The President proclaimed to Congress and the American public that he will instruct all federal agencies directed to dispense funds from a Congressional earmark within a spending bill to refuse to initiate payment if the earmark wasn't specifically voted on by Congress. Many earmarks are commonly added late in the legislative process, usually after the voting has finished for the bill. As I said, I am not really in favor of this process, but I think the President is trying to throw a curveball here.
Many Presidents have attempted to secure what is referred to as a "line-item veto," giving them the ability to veto specific portions of legislation without having to kill the entire bill. Nearly every state has given their governors the ability to do just this, including in Kansas.
At the same time, the United States Supreme Court ruled in 1998 that the Line Item Veto Act of 1996, which gave President Clinton the ability to veto portions of bills, was unconstitutional. Interestingly, the Supreme Court rendered this decision in a case brought by Rudy Guiliani, who had sued the Clinton Administration over his veto of certain provisions pertaining to health care in the city of New York (now President Bush just vetoes entire health care bills). Nevertheless, I don't think I'd like a Clinton-Guiliani rematch this year.
By informing us that he will instruct federal agencies not to fund earmarks specifically approved by Congress, I believe that the President is essentially attempting to invoke his "unitary executive" theory of the Presidency and unilaterally grant himself a line-item veto. The President's definition of the unitary executive is defined as:
Our reading of the text is reinforced by analysis of the constitutional structure. First, it is clear that the Constitution secures all federal executive power in the President to ensure a unity in purpose and energy in action. "Decision, activity, secrecy, and dispatch will generally characterize the proceedings of one man in a much more eminent degree than the proceedings of any greater number." The Federalist No. 70, at 392 (Alexander Hamilton). The centralization of authority in the President alone is particularly crucial in matters of national defense, war, and foreign policy, where a unitary executive can evaluate threats, consider policy choices, and mobilize national resources with a speed and energy that is far superior to any other branch.
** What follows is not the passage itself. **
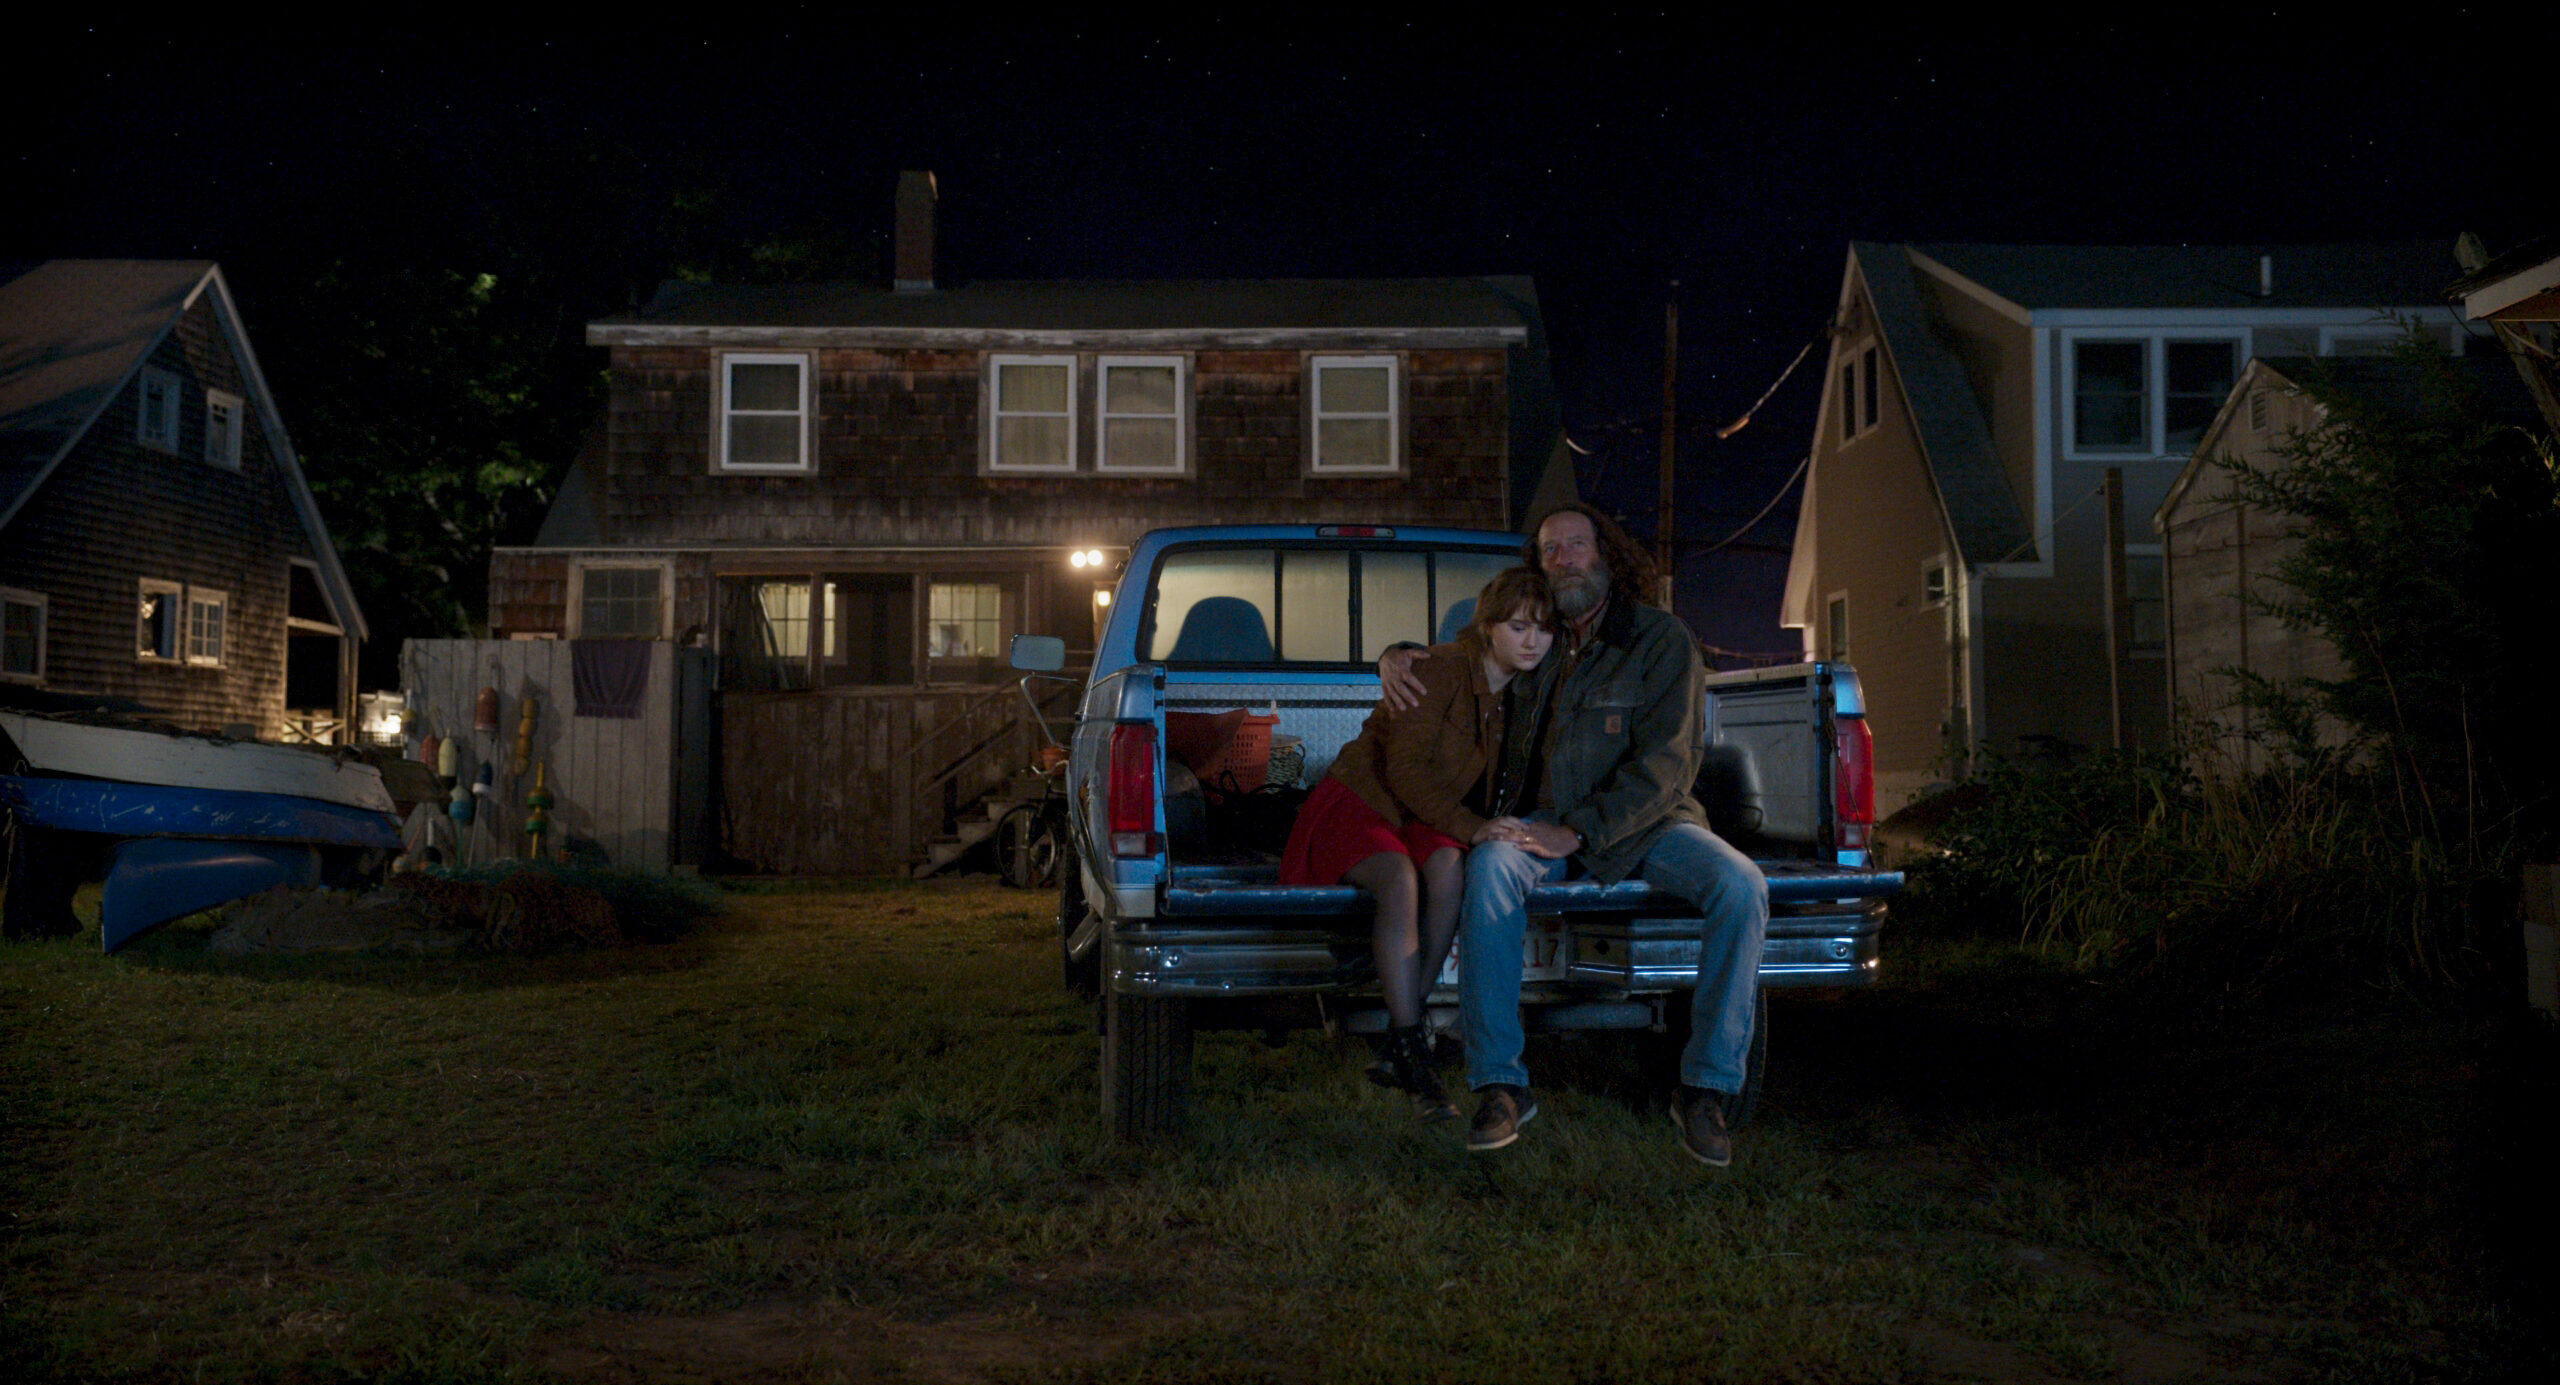 A young woman and older man sit on the tailgate of a pickup truck parked behind a house

This model of super-constitutional, if not unconstitutional practice is nothing new for the administration of President George W. Bush. The Boston Globe already won a Pulitzer Prize detailing the President's use of "signing statements" to amend legislation as he sees fit, regardless of the will, intent or actual language of the bill passed by Congress. The President has even acknowledged breaking the law with regard to warrantless wiretapping, which is to say nothing of the outright torture of prisoners of war. Even Vice President Cheney apparently devised his own "top secret" classification system and refuses to publish even a daily schedule or the list of people on his taxpayer financed staff.
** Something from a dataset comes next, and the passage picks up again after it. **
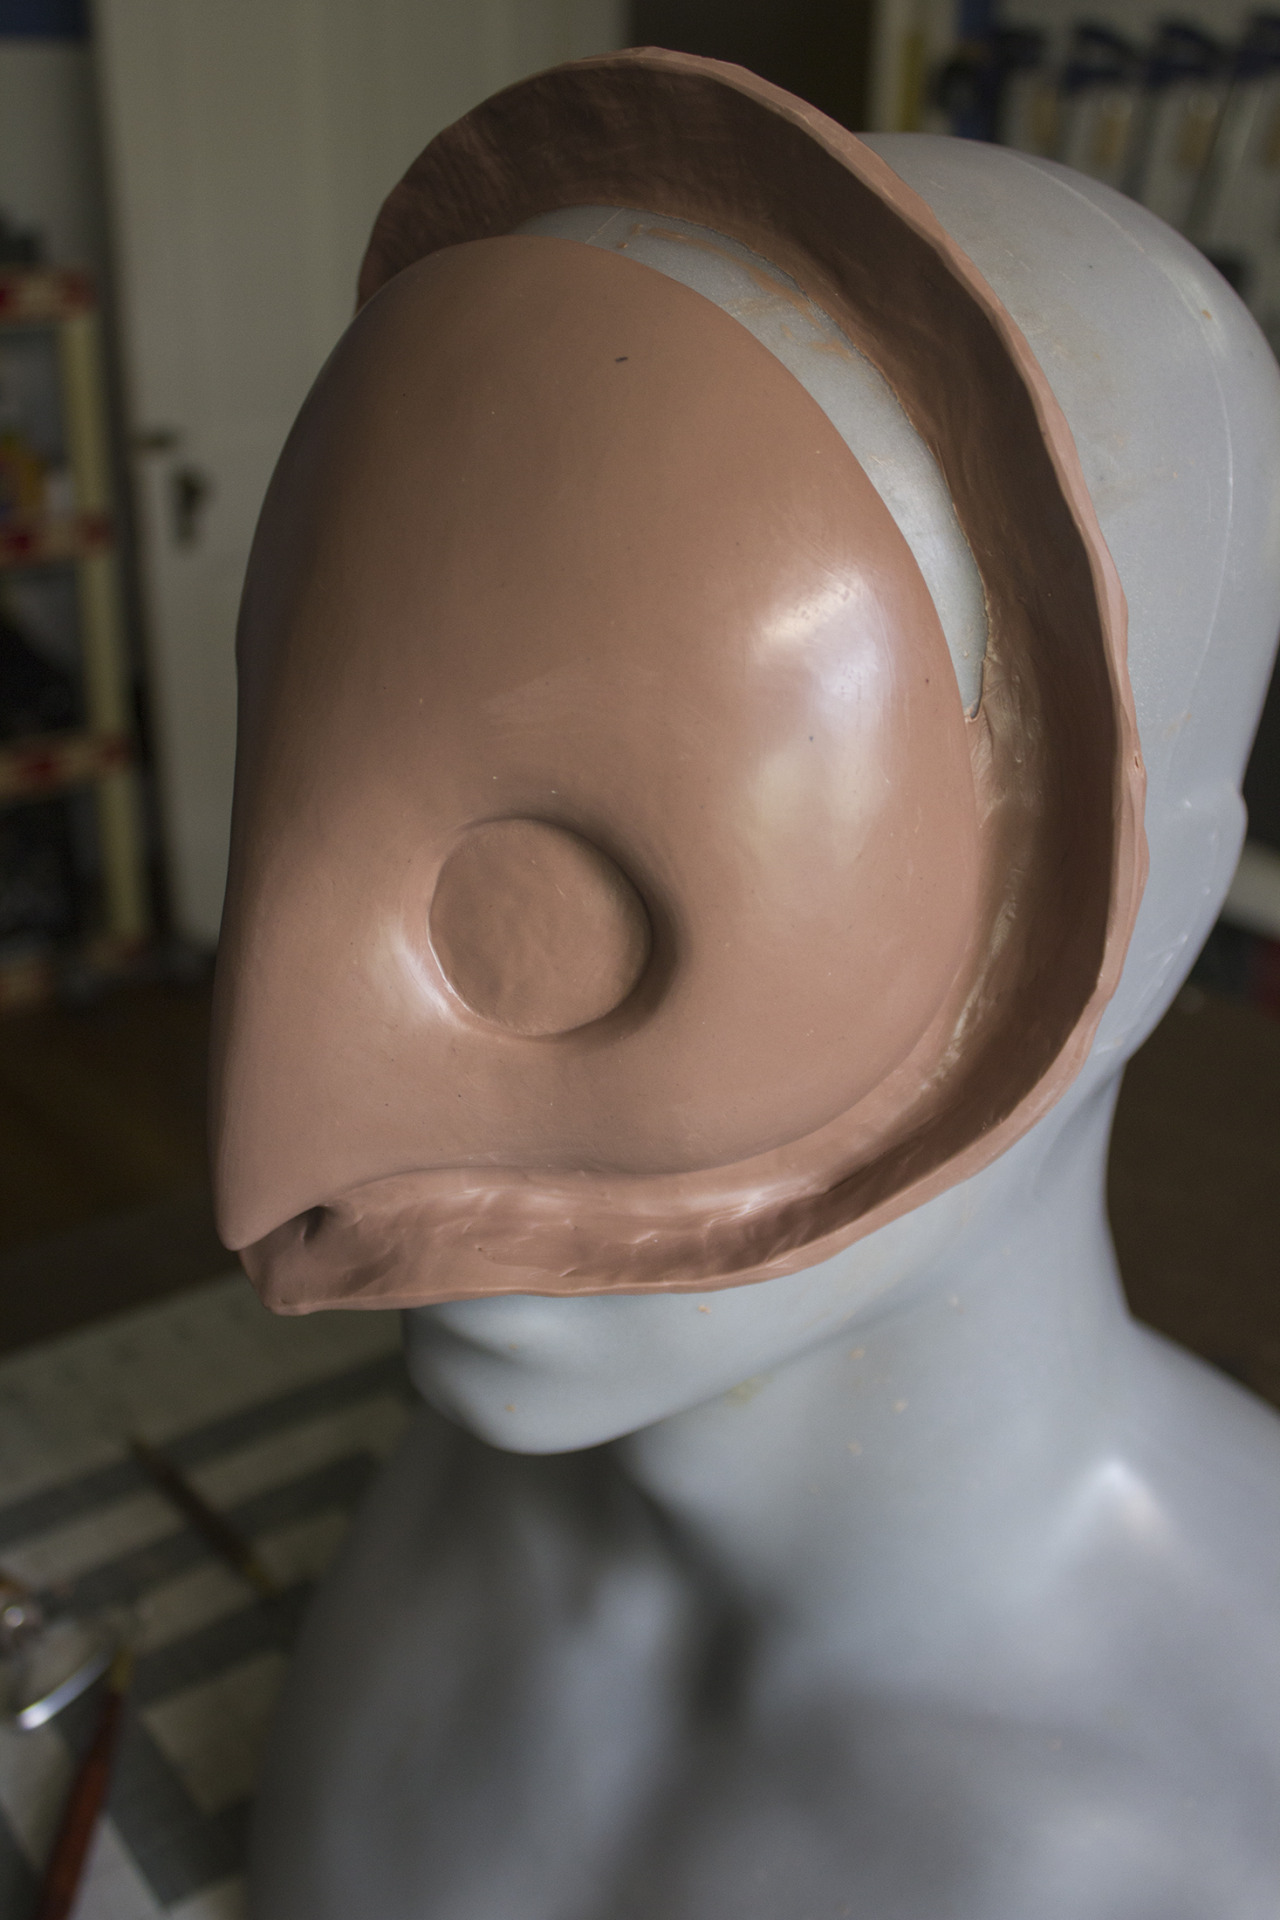 Elidibus/Amaurotine mask sculpt is done. Spent more time smoothing it & walled off to catch any runaway silicone.

Regardless of whether or not any President should or should not have the authority of a line-item veto, this President has clearly demonstrated that he believes he is above the law. The Supreme Court struck down the 1996 Line Item Veto bill precisely to prevent a President from acting above the law.
This will be a great test of the independence of the United States Congress. Our Representatives will either continue to function as a coequal branch of government or the Executive Branch will emerge as a superior branch of government. Congress must not let the President assert power over the law.